Raw data =
# # # # #

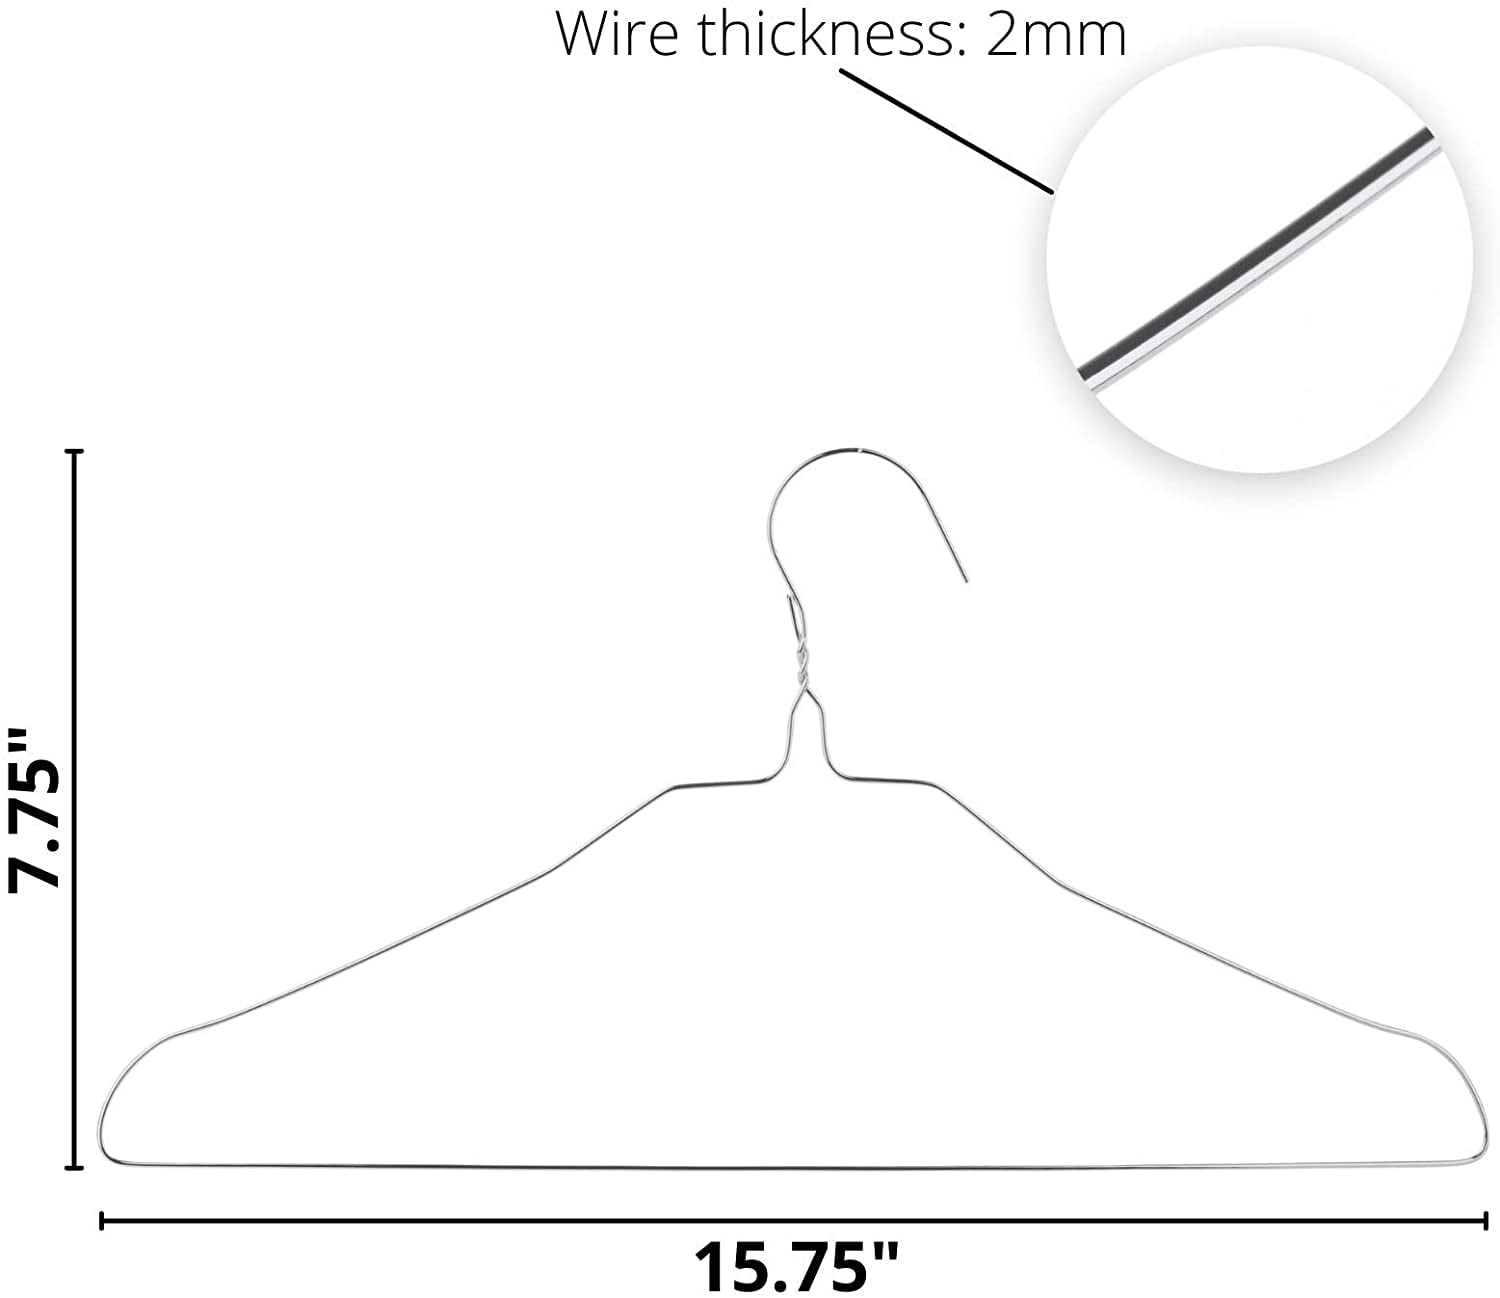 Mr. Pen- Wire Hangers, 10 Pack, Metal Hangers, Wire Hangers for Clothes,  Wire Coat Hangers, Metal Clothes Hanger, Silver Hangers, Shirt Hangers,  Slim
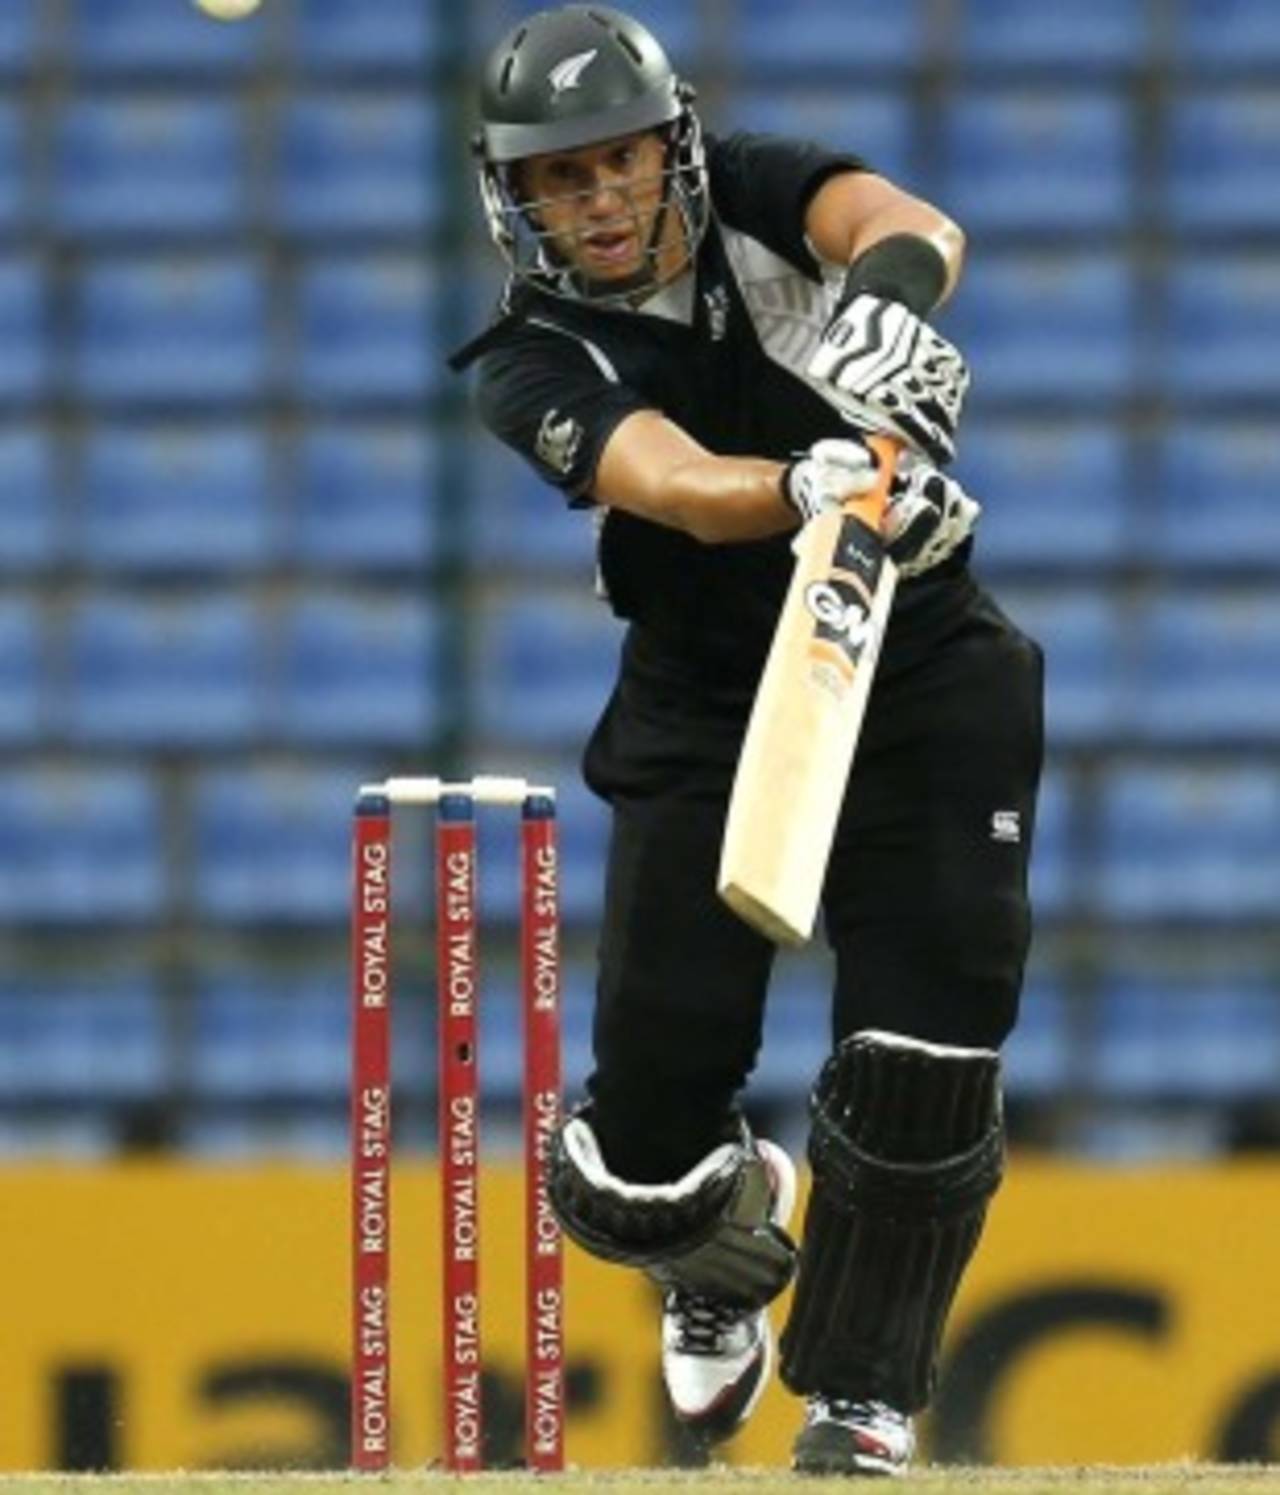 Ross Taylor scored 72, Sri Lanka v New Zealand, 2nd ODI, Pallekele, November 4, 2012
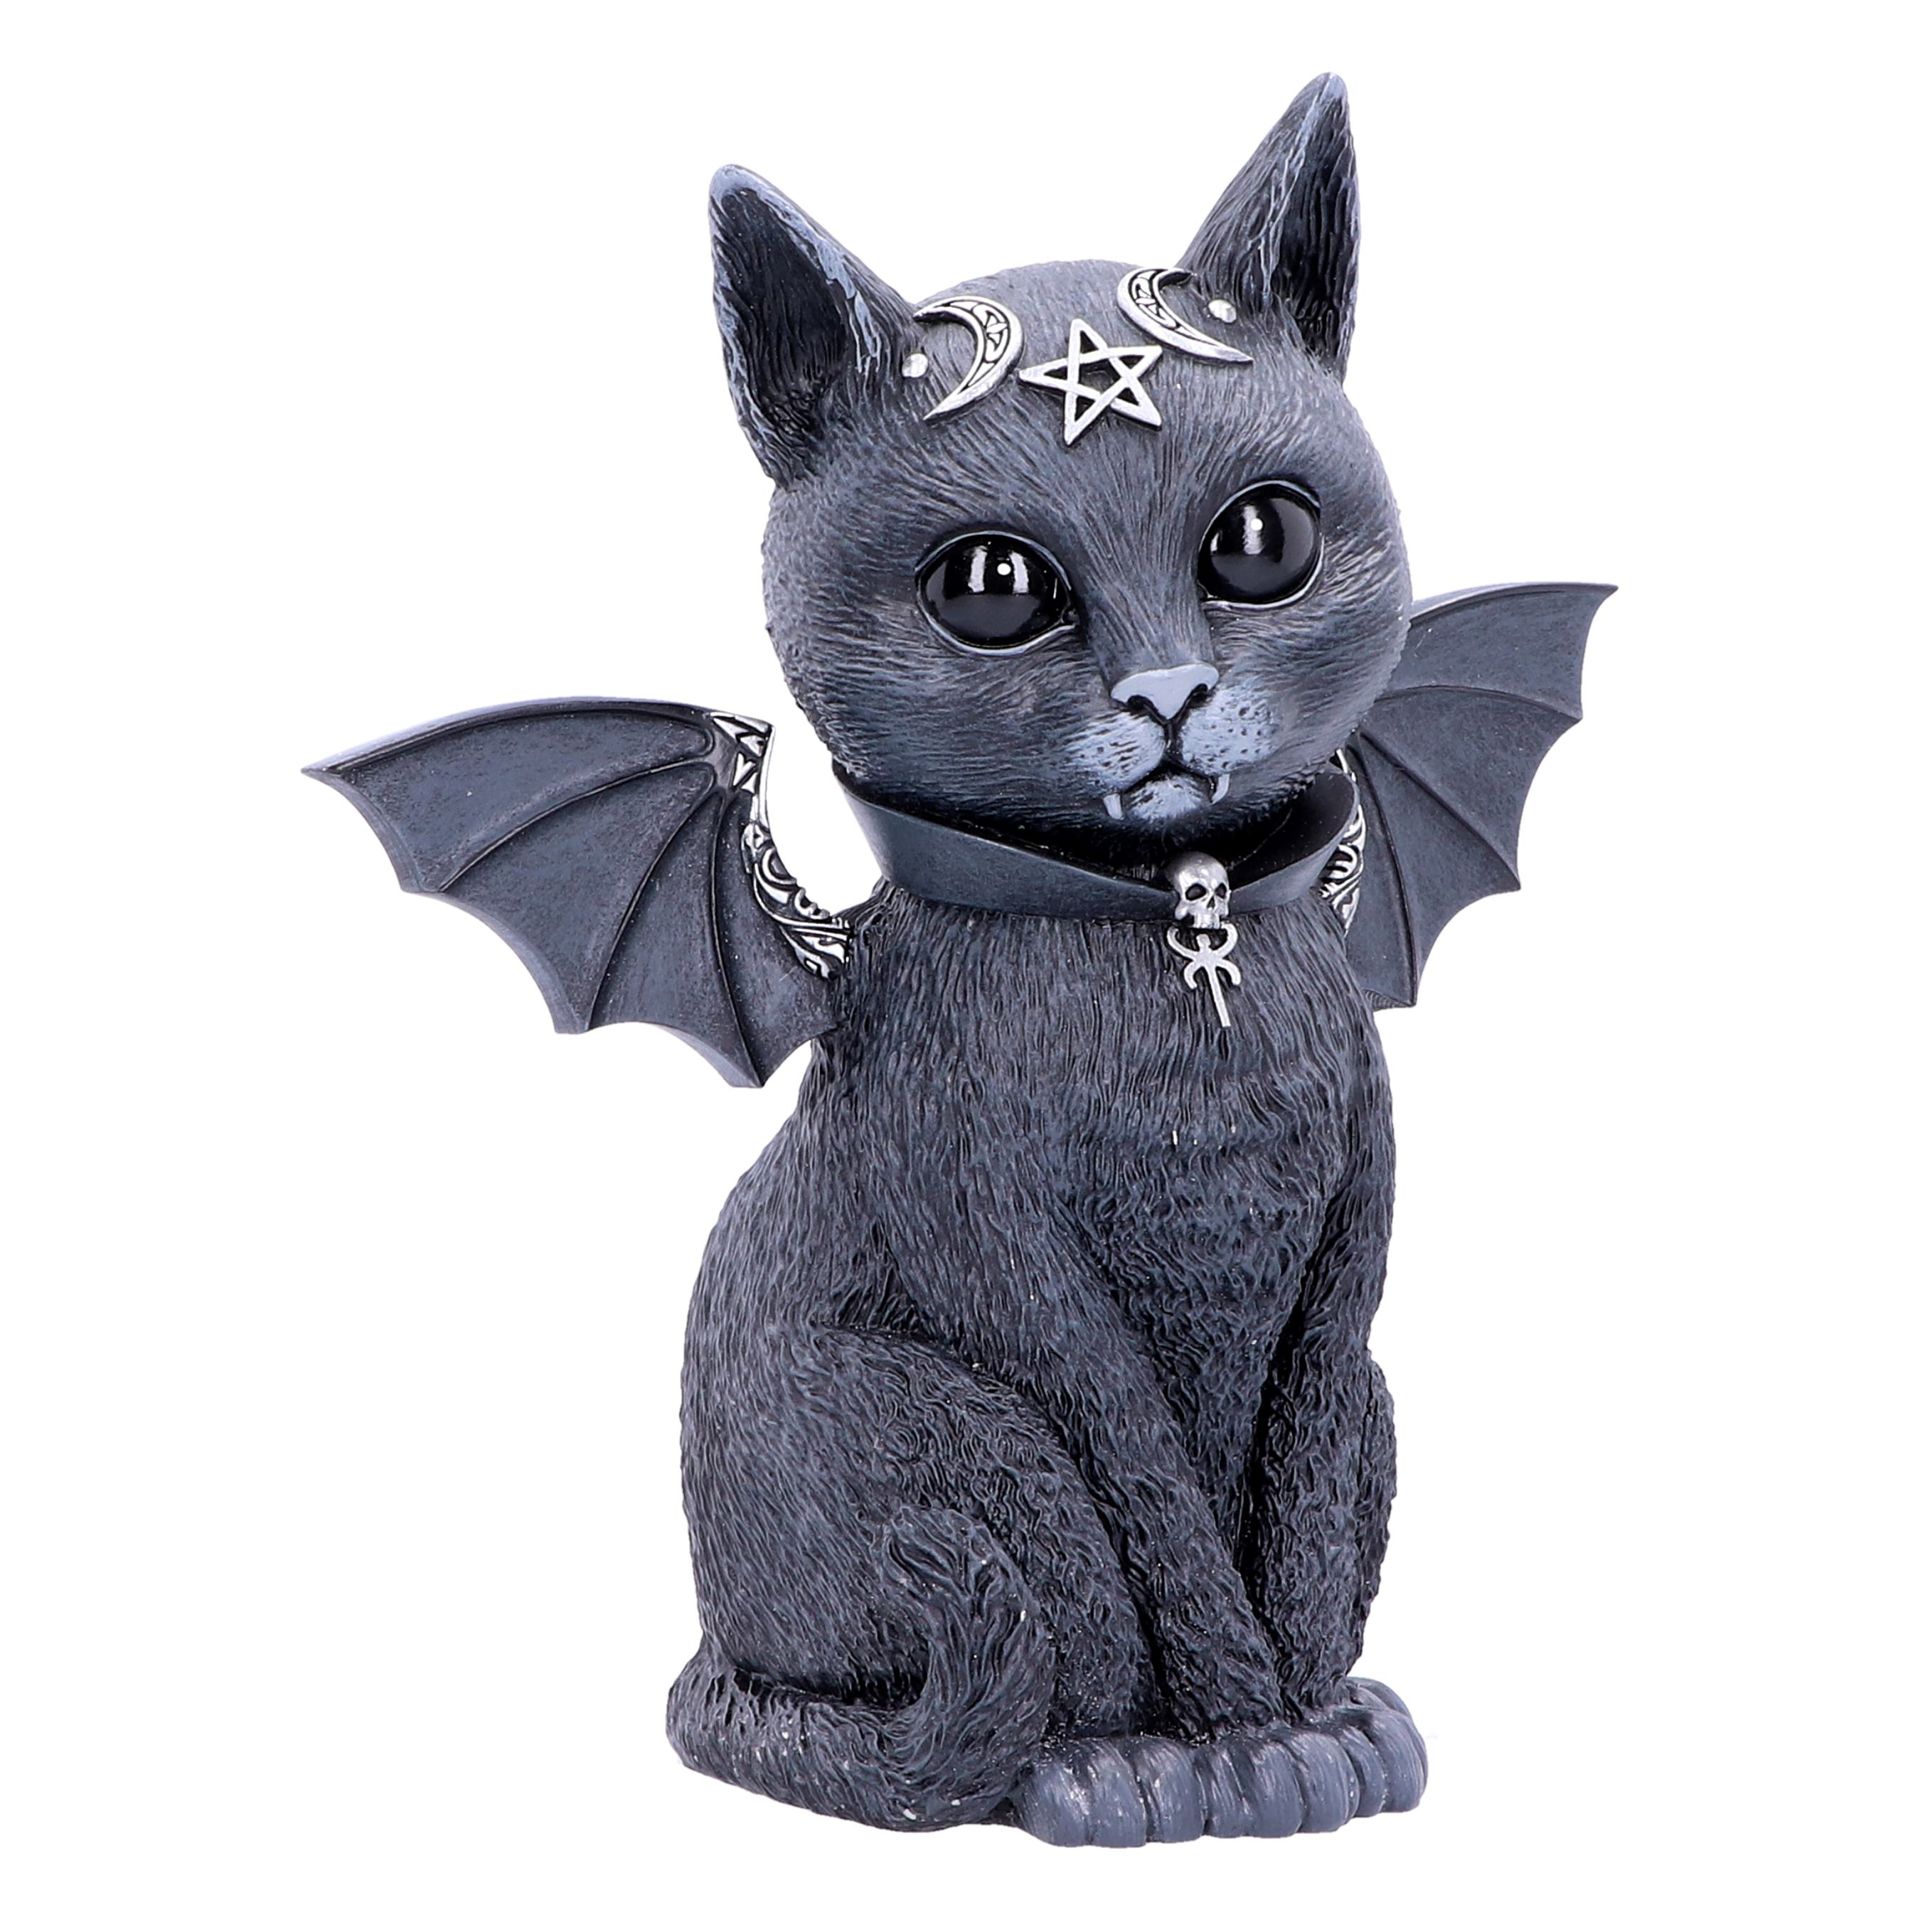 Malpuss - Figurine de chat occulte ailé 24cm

# # # # #

Work item = Skip every picture and transcribe the data above exactly.

Exercise solution =
 Mr. Pen- Wire Hangers, 10 Pack, Metal Hangers, Wire Hangers for Clothes,  Wire Coat Hangers, Metal Clothes Hanger, Silver Hangers, Shirt Hangers,  Slim
 Ross Taylor scored 72, Sri Lanka v New Zealand, 2nd ODI, Pallekele, November 4, 2012
 Malpuss - Figurine de chat occulte ailé 24cm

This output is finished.